View on GitHub

SIDATA

Turkish-Irony-Dataset

URL: https://github.com/teghub/Turkish-Irony-Dataset

Description: Turkish Social Media Dataset for Irony Detection

Project Overview

The Turkish-Irony-Dataset is a dataset designed for irony detection in Turkish social media texts. The dataset consists of 220 Turkish microblog texts, divided equally between ironic and non-ironic sentences. This dataset is particularly valuable for training models to identify irony in informal Turkish text from social media platforms.

Dataset Details:

Dataset Usage:

This dataset can be used to train and evaluate models that aim to detect irony in Turkish social media posts.

Datasets:

Dataset Statistics:

Training Methods:

The dataset requires preprocessing before training.

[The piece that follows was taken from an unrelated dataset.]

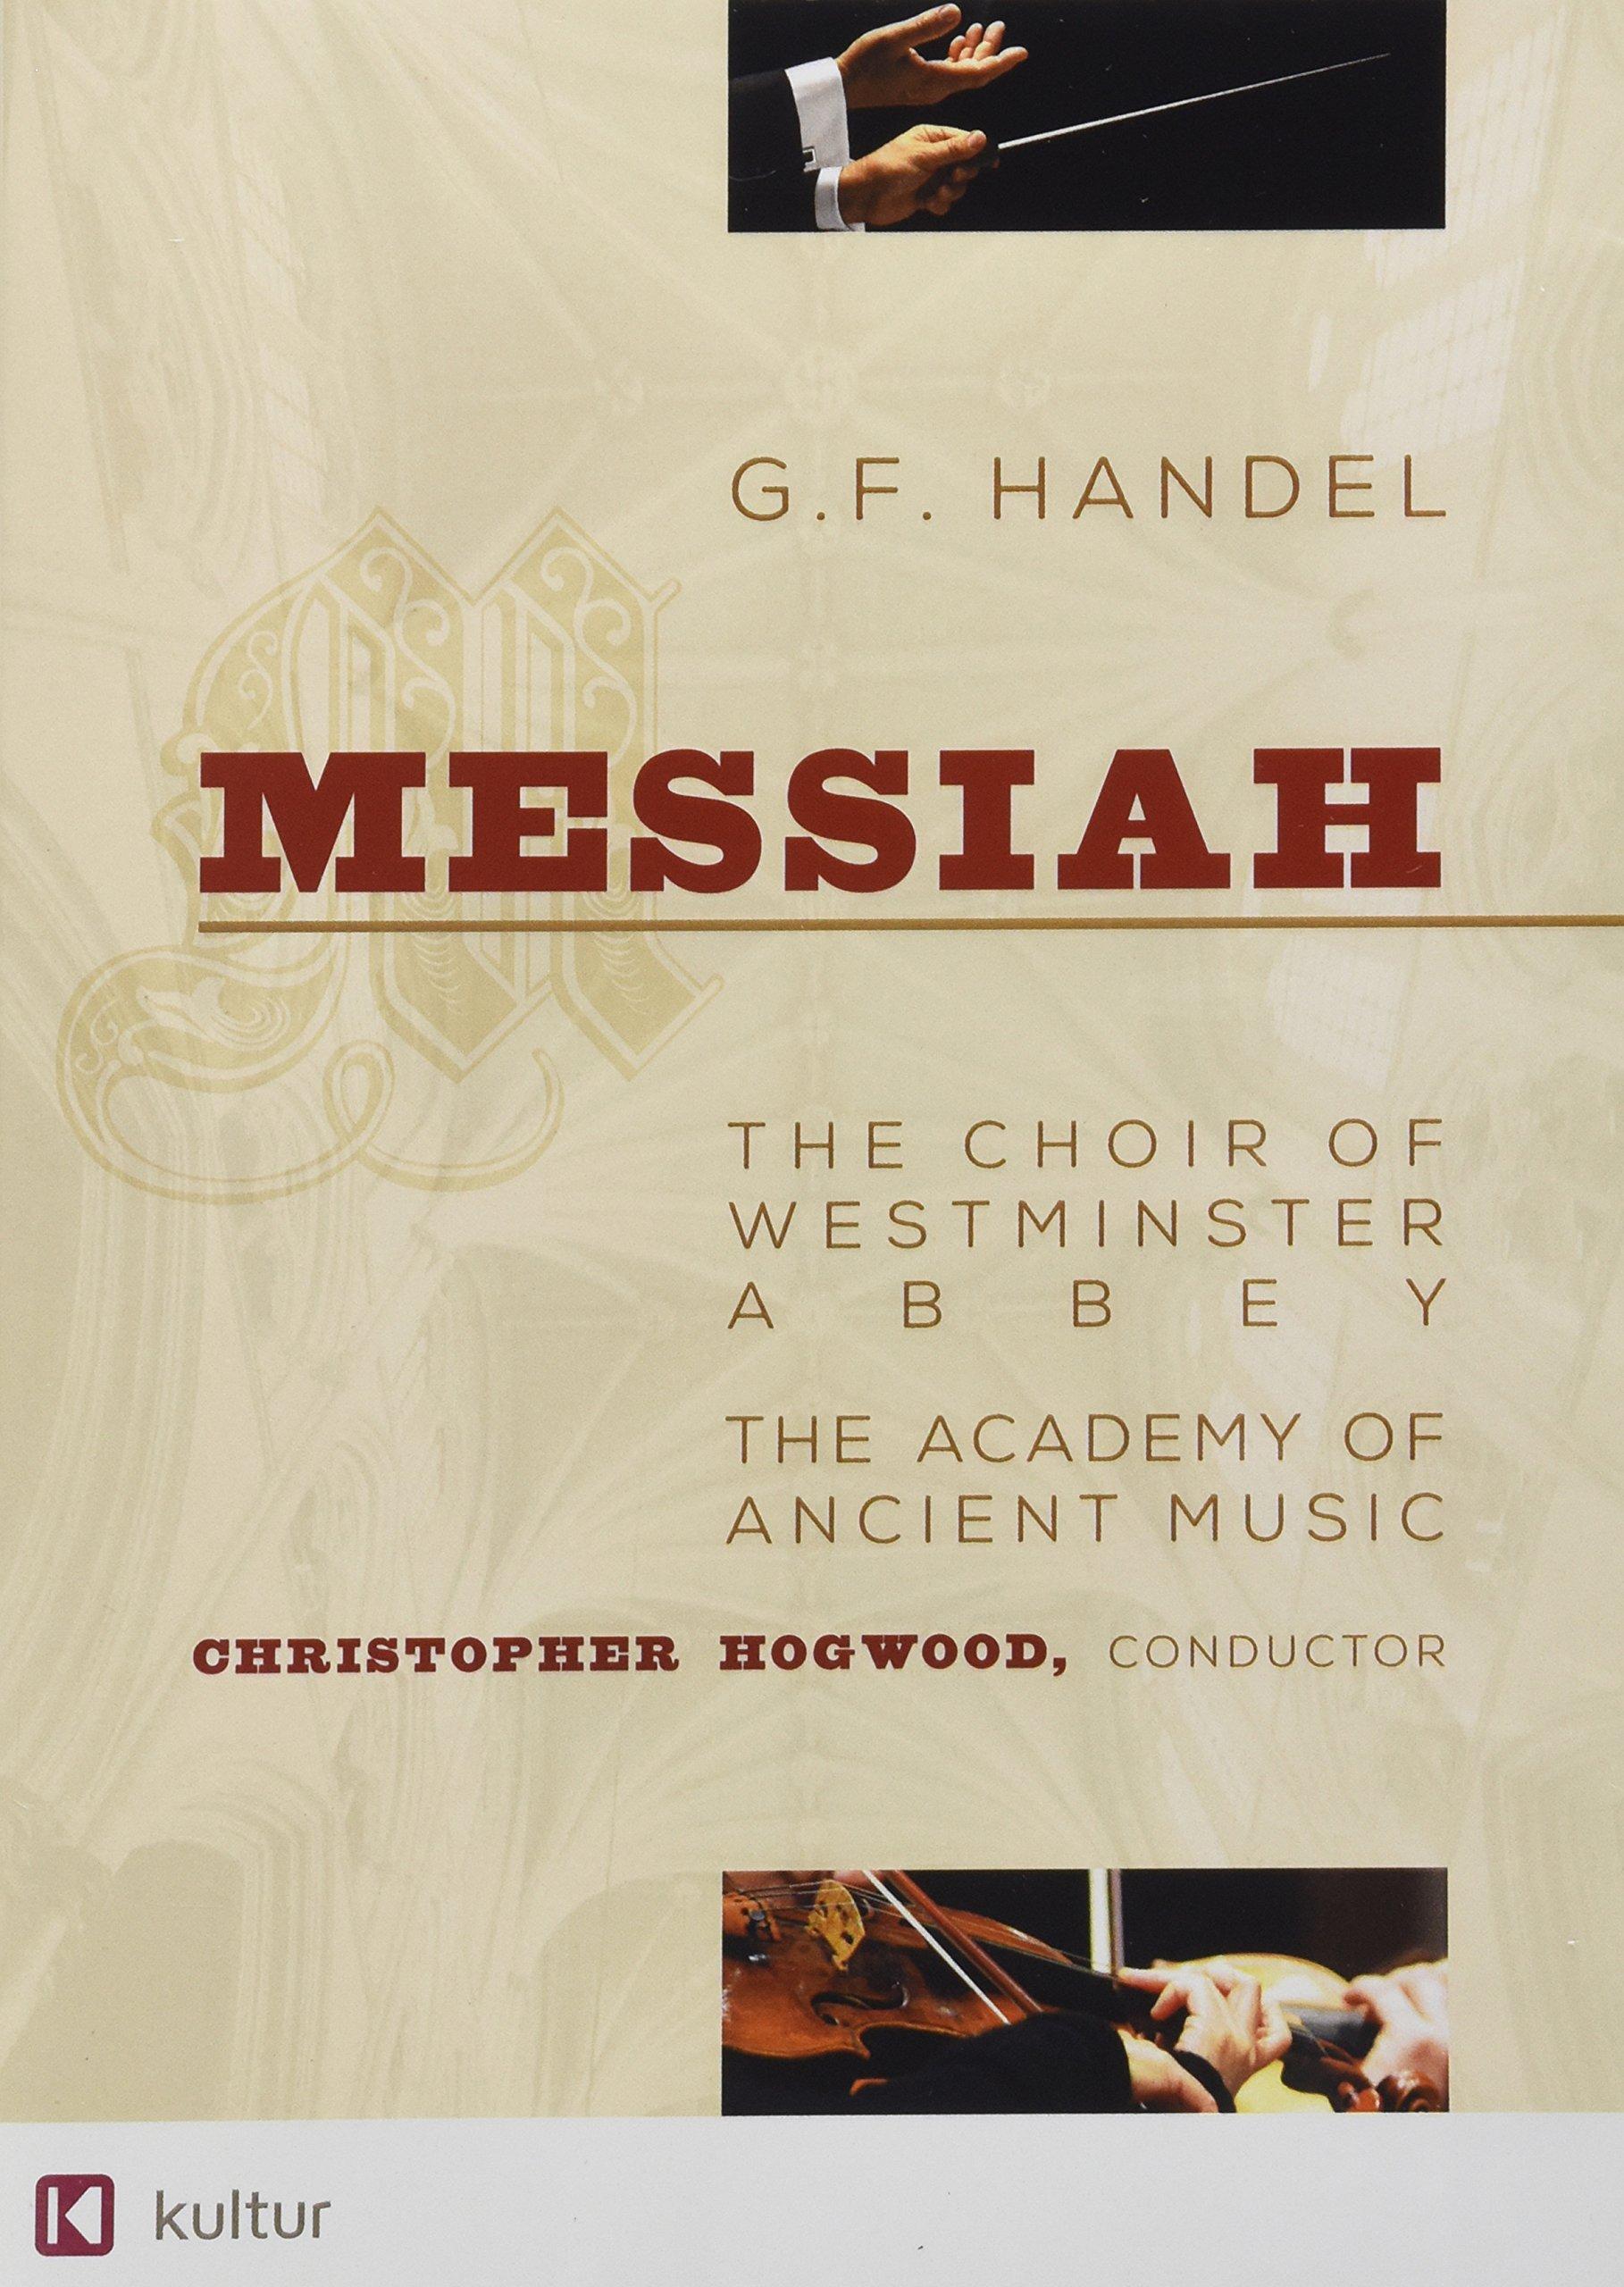 Handel - Messiah / Emma Kirkby, Judith Nelson, Carolyn Watkinson, Paul Elliott, David Thomas, Christopher Hogwood, Academy of Ancient Music, Choir of Westminster Abbey

The following steps are involved:

  1. Data Preparation: Execute the data_prep.py script to convert the .csv file into .tsv format.
  2. Model Execution: After preparing the data, run the run_model.py script to evaluate your model.
  3. Cross-validation: The dataset includes 10-fold cross-validation files (e.g., 0_train.tsv, 1_test.tsv) for evaluating the model’s performance.

Results:

The evaluation results, including accuracy and other metrics, are saved in the outputs directory. However, specific performance metrics such as accuracy, precision, recall, or F1 scores were not provided in the information shared.